§ **Data extract**
--- START ---
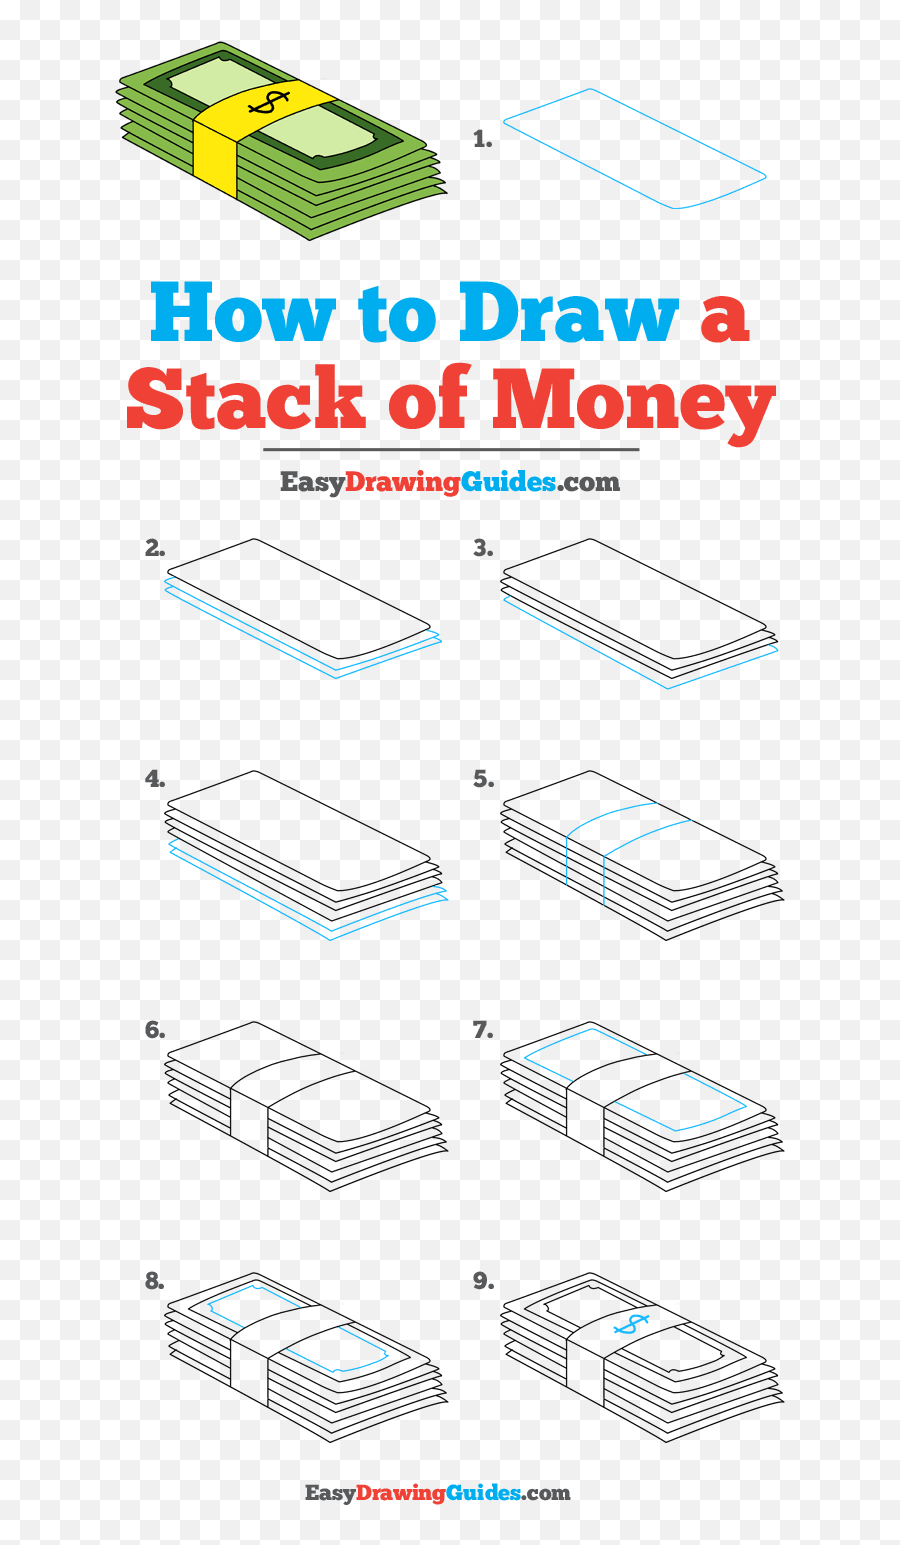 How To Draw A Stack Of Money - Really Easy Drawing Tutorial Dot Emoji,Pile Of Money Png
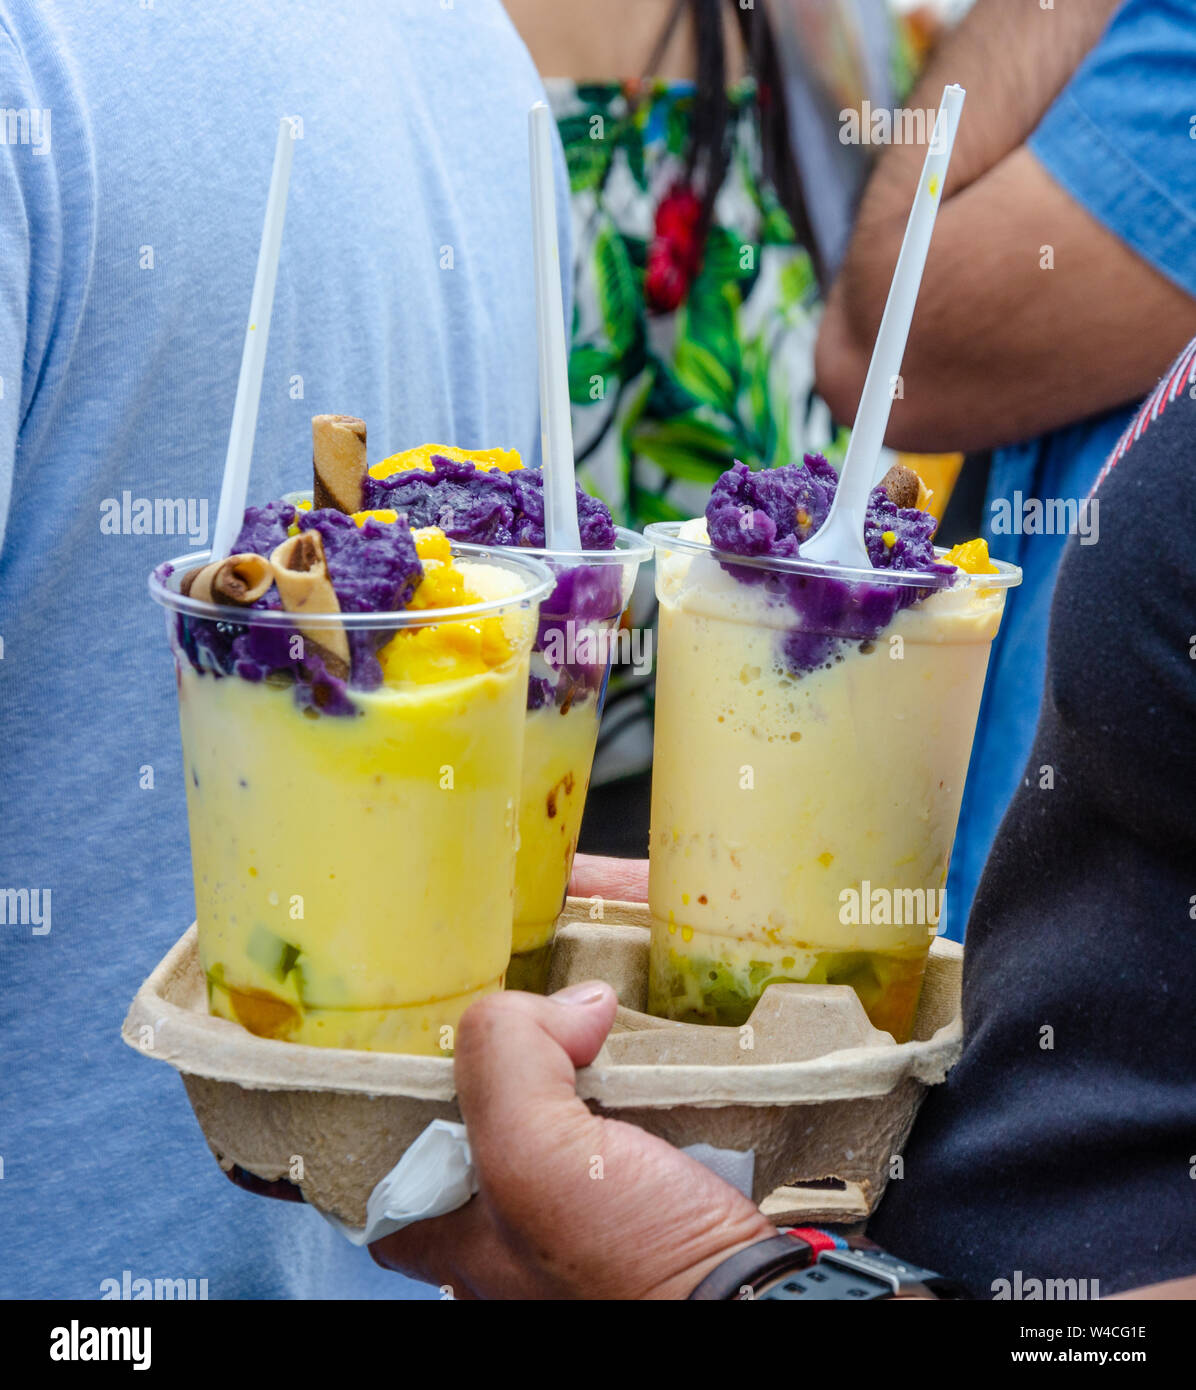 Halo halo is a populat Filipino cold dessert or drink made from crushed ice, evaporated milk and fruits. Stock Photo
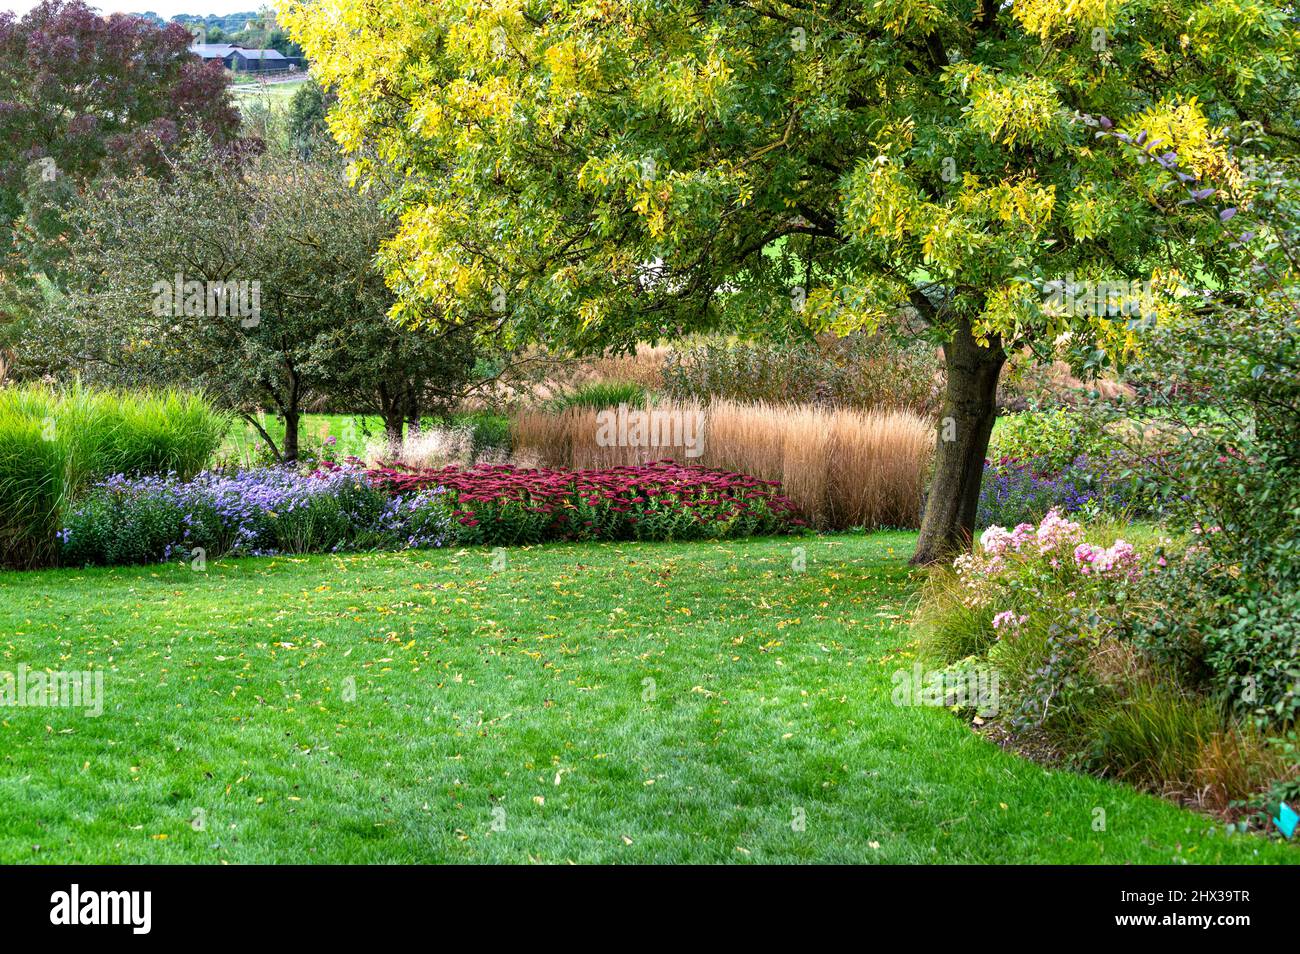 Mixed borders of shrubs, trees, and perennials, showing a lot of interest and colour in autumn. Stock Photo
--- END ---
§ **What you should do**
Give back the material word for word, without images.

§ **Task response**
 How To Draw A Stack Of Money - Really Easy Drawing Tutorial Dot Emoji,Pile Of Money Png
 Halo halo is a populat Filipino cold dessert or drink made from crushed ice, evaporated milk and fruits. Stock Photo
 Mixed borders of shrubs, trees, and perennials, showing a lot of interest and colour in autumn. Stock Photo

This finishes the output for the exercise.